September 27, 2020

AUTO ONLY ROADS: THE REICHSAAUTOBAHN

Hitler reviewing a first convoy on the Autobahn,

Copyright picture-alliance / dps used under the Creative Commons Attribution-Noncommercial-No Derivative Works 3.0 Unported. © Copyright 2015


            The automobile began taking over as the primary form of worldwide transportation in the early

 1910’s.  Most roads were dirt, cobblestone, or early versions of macadam.  Automobiles using these

roads had to dodge animals, children playing, people walking, and horse drawn conveyances.  Most 

residents relied upon the train for long distance travel.

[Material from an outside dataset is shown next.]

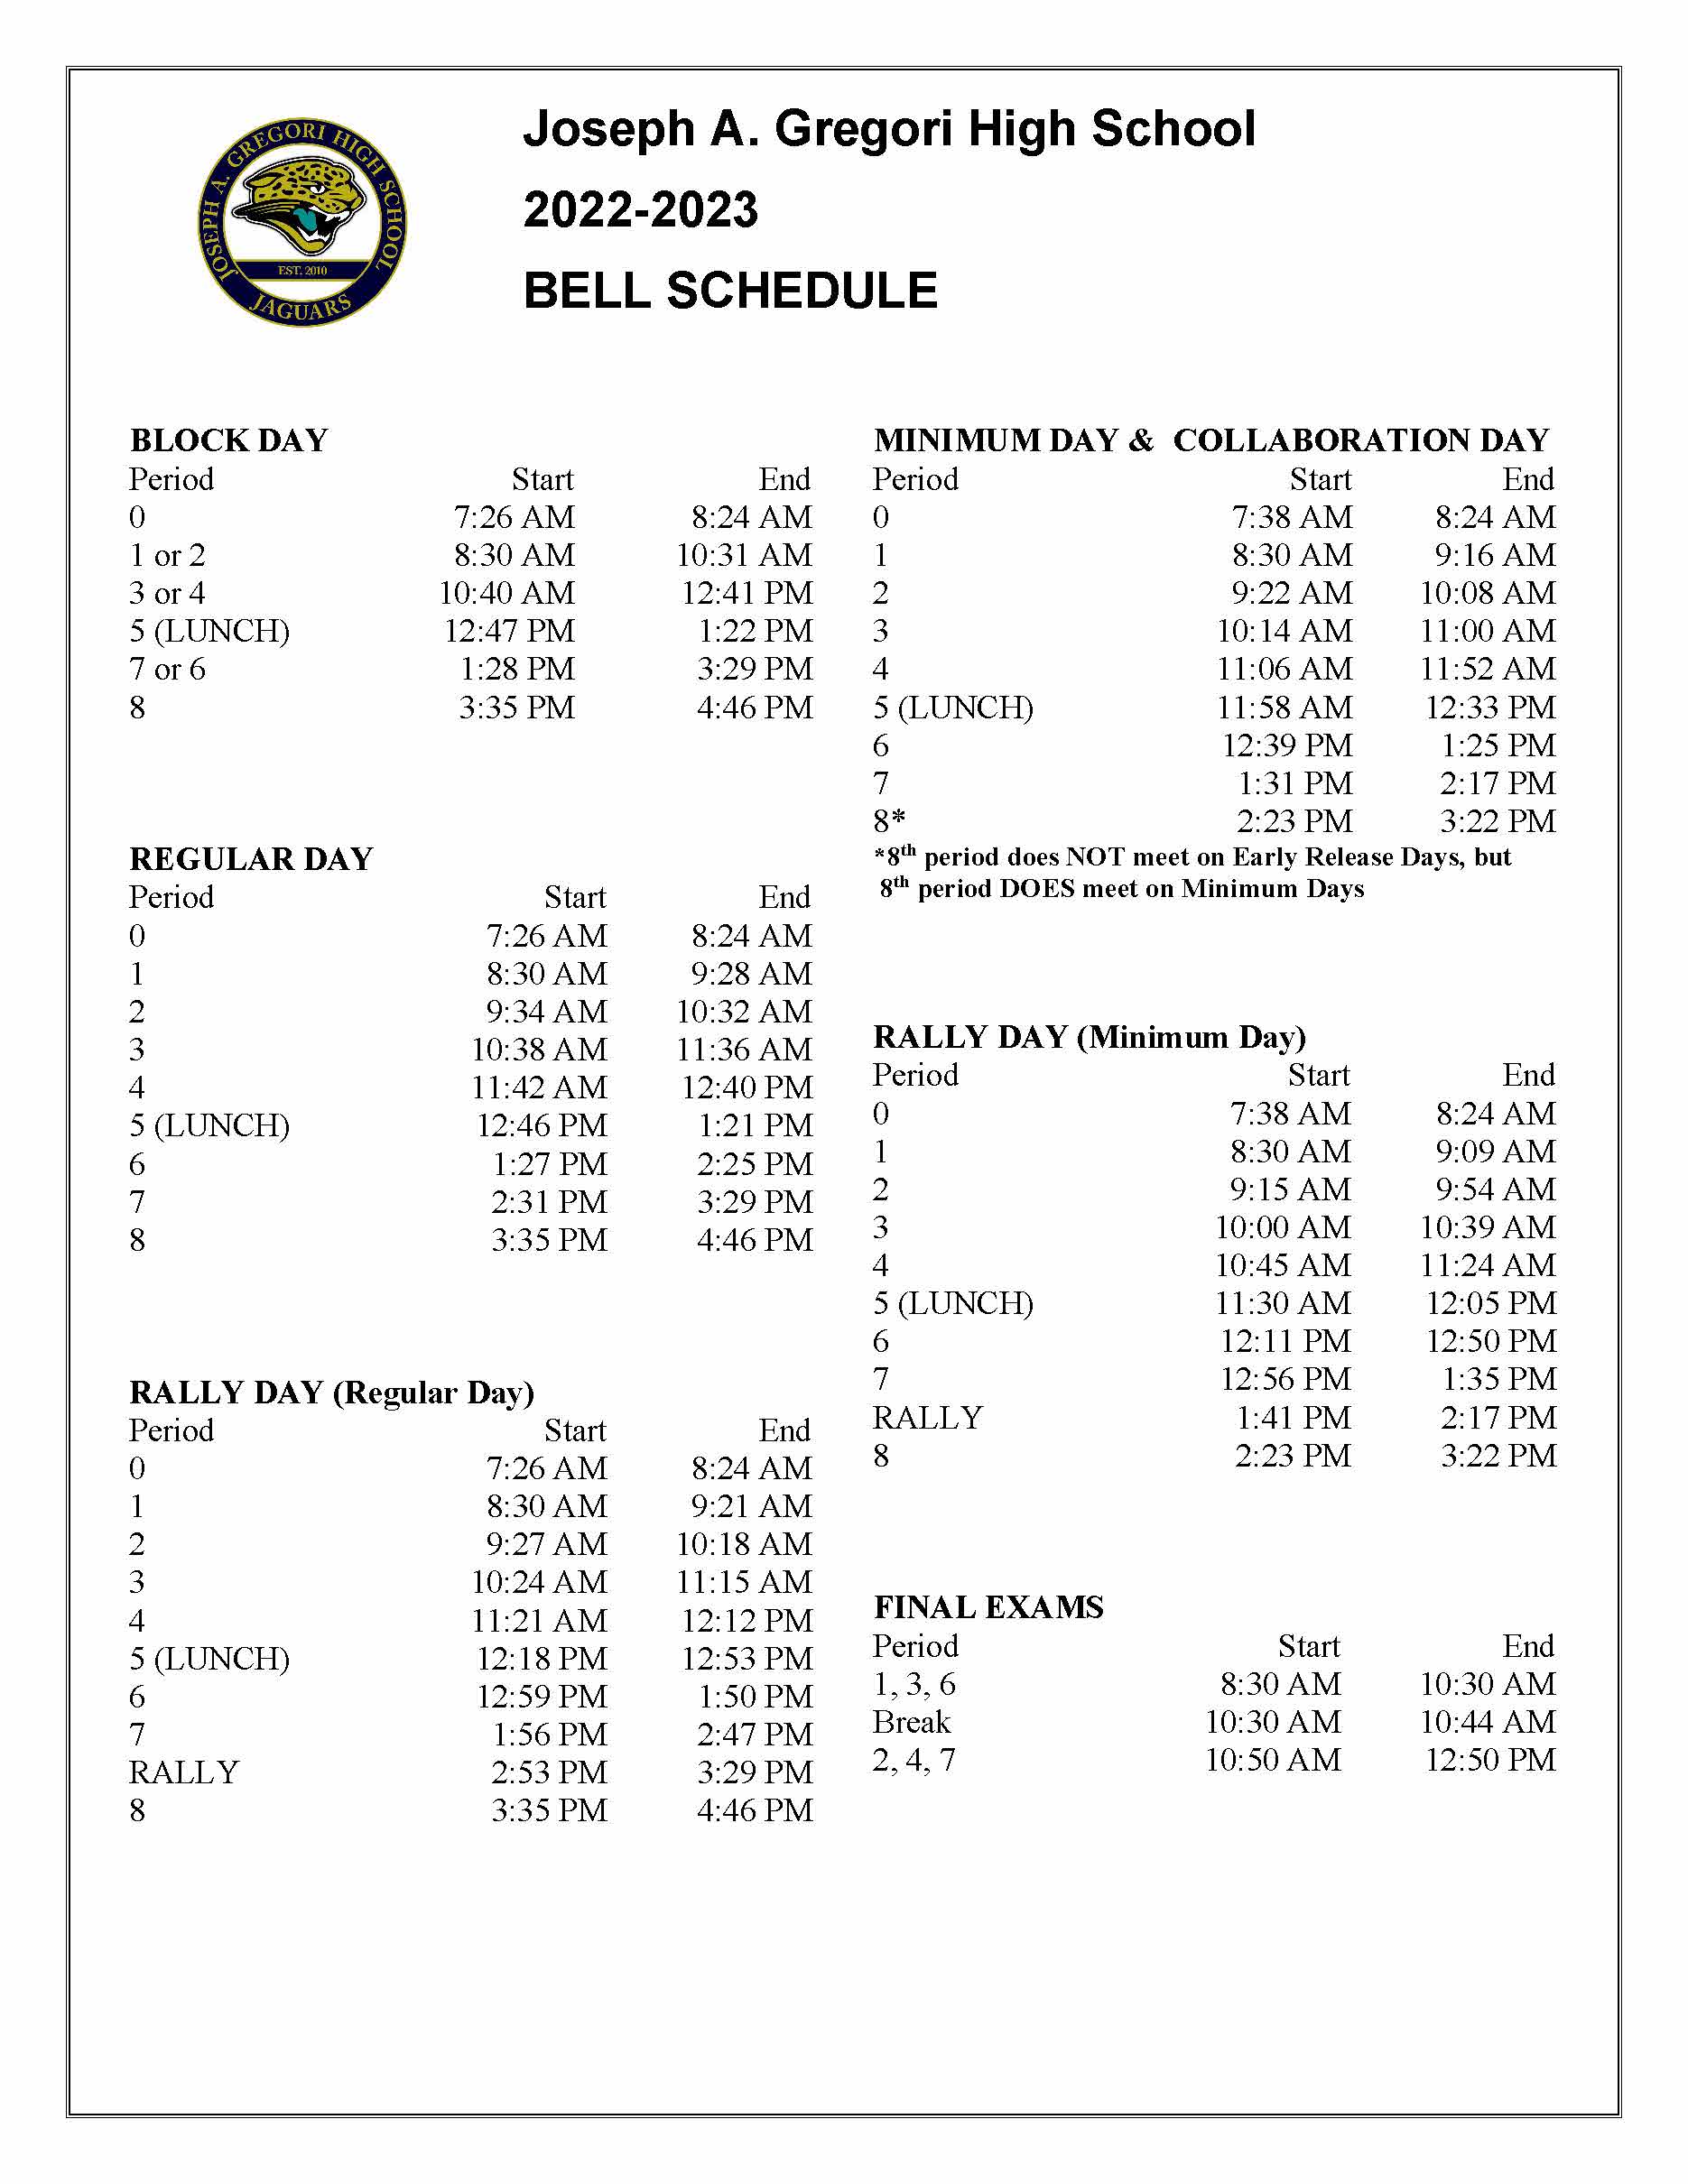 GHS 22-23 Bell Schedule
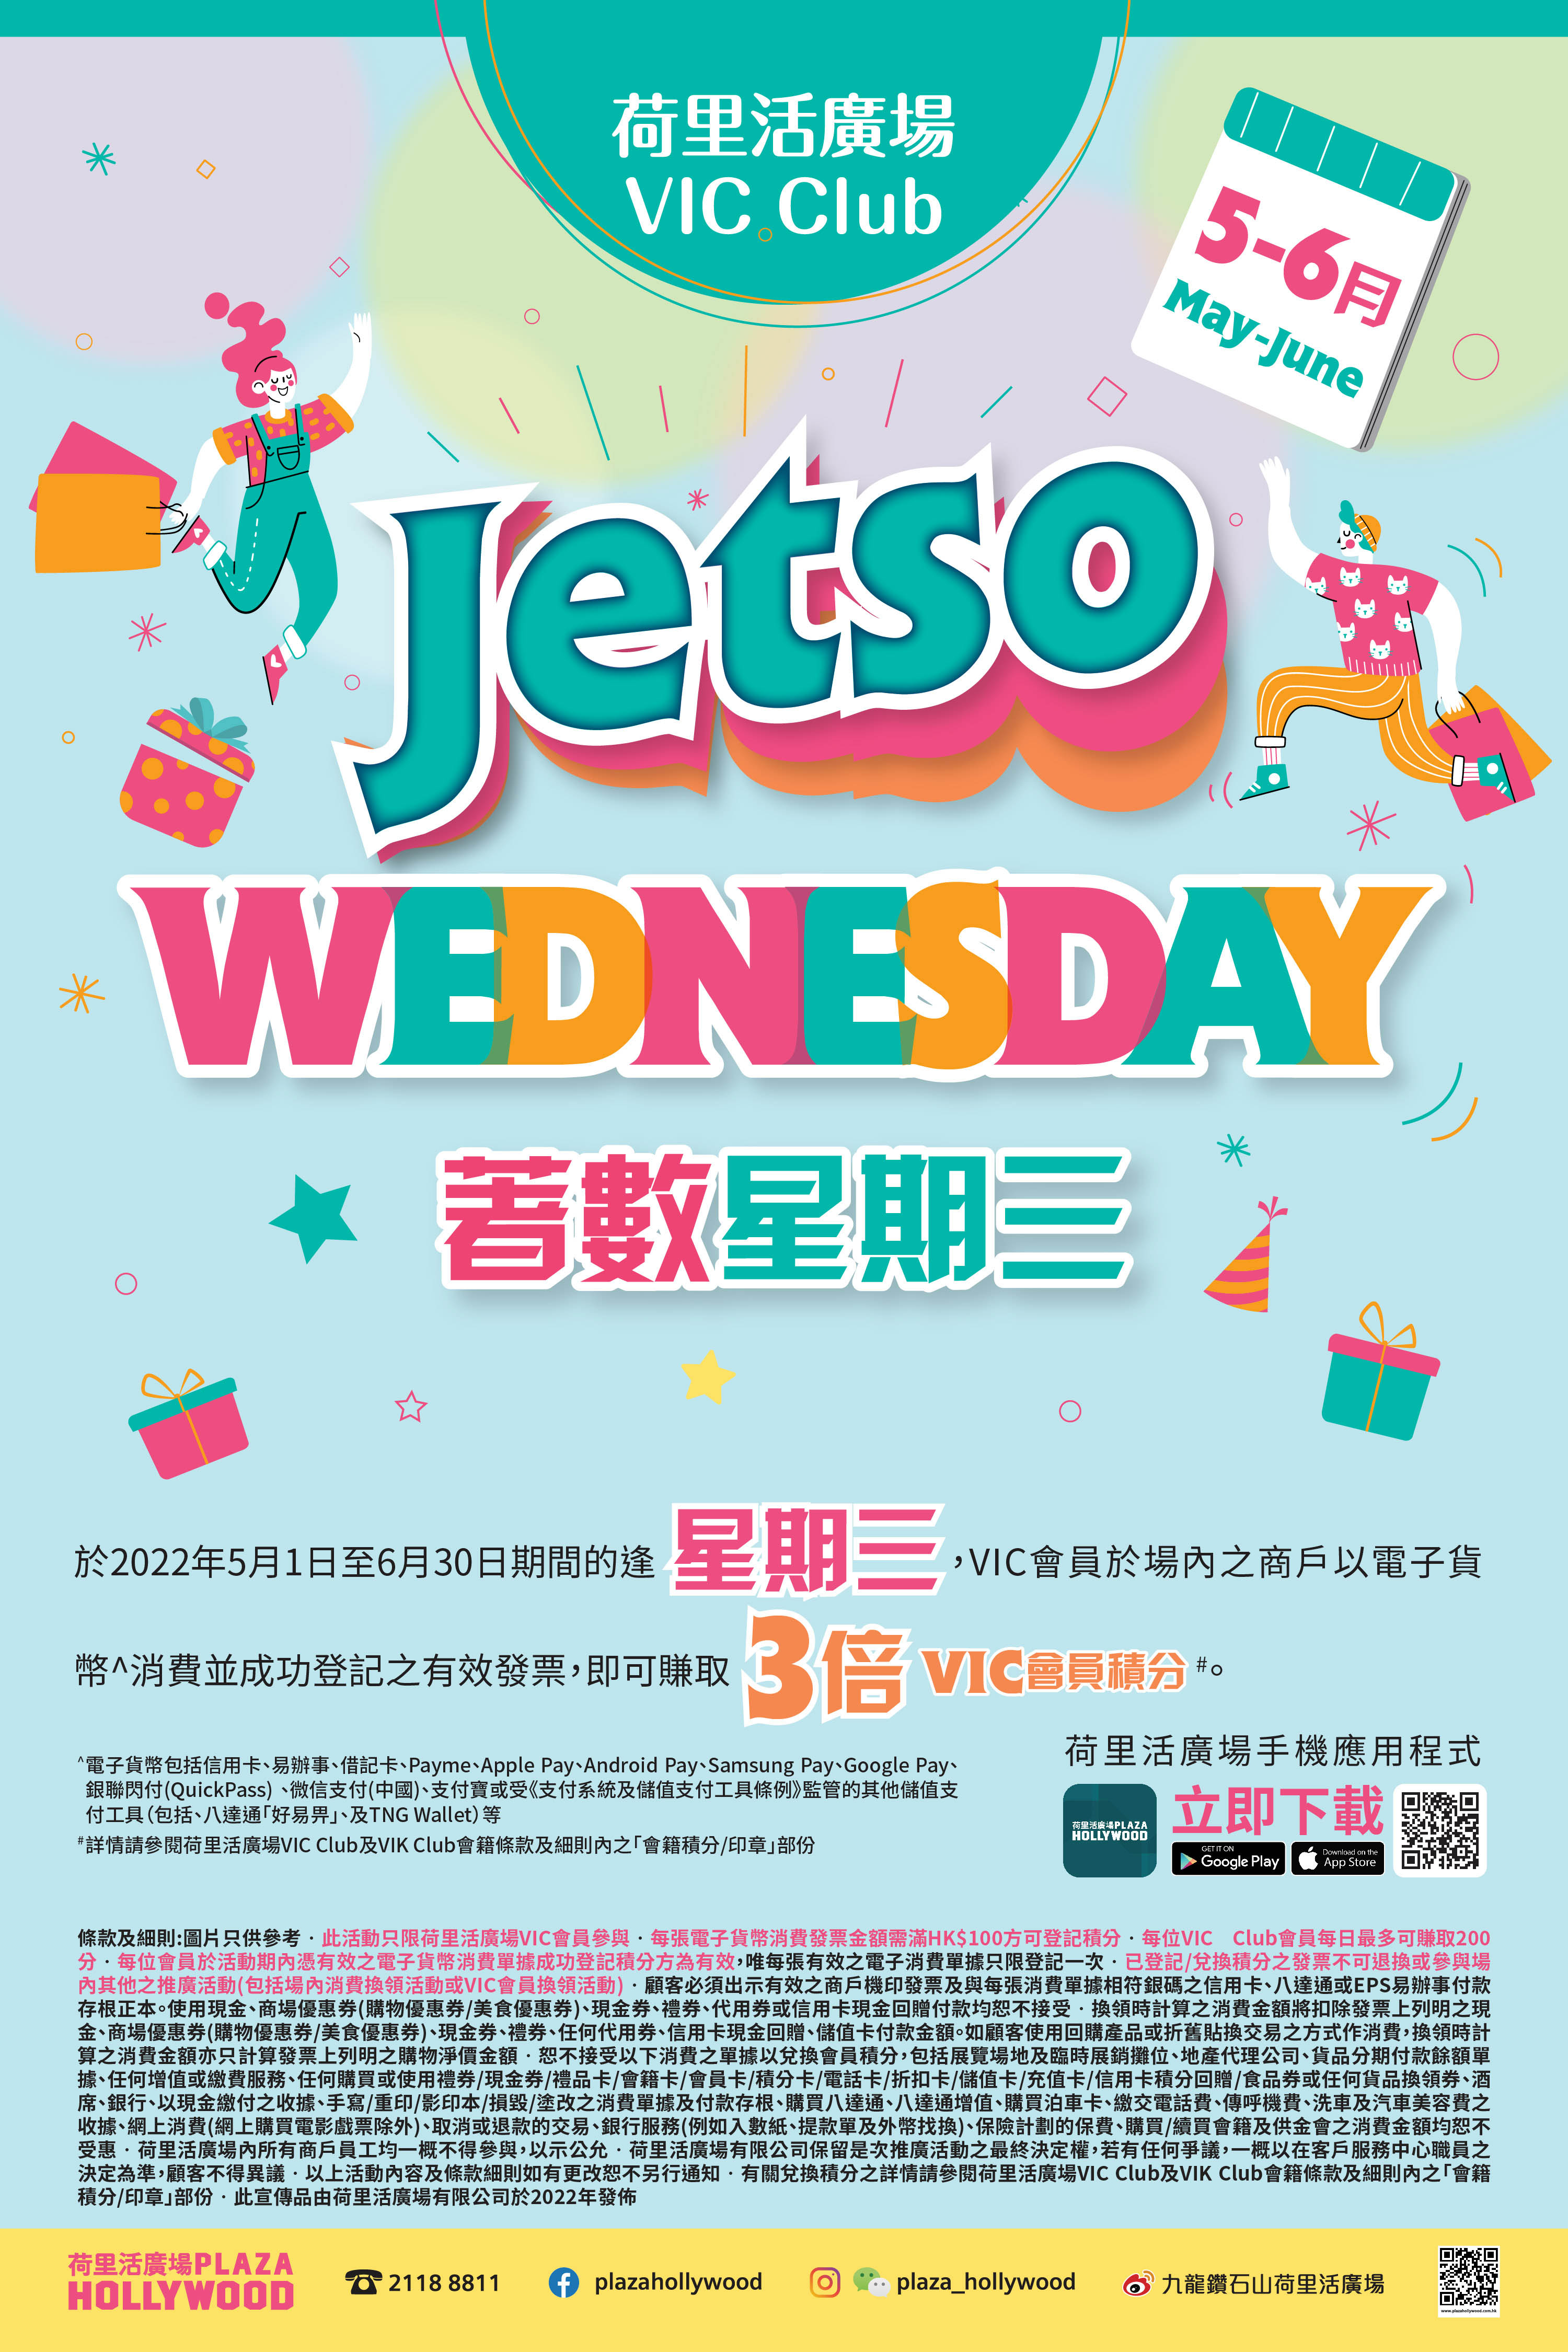 Jetso Wednesday (May-Jun)

All over Europe, various private organizations were working to promote auto only roads.  Although Hitler has often been given credit for the autobahn, the real precursors were the Avus experimental highway in Berlin (built between 1913 and 1921), and Italy’s 130-kilometer autostrada tollway between Milan and the northern Italian lakes (completed in 1923). (http://www.german-way.com/)  These early autobahns “featured limited-access and grade-separated crossings, but no medians.  The first Reichsautobahnen did have narrow medians but lacked shoulders, and ramps and waysides had cobblestone surfaces. “ (http://www.gettingaroundgermany.info/autobahn.shtml#design)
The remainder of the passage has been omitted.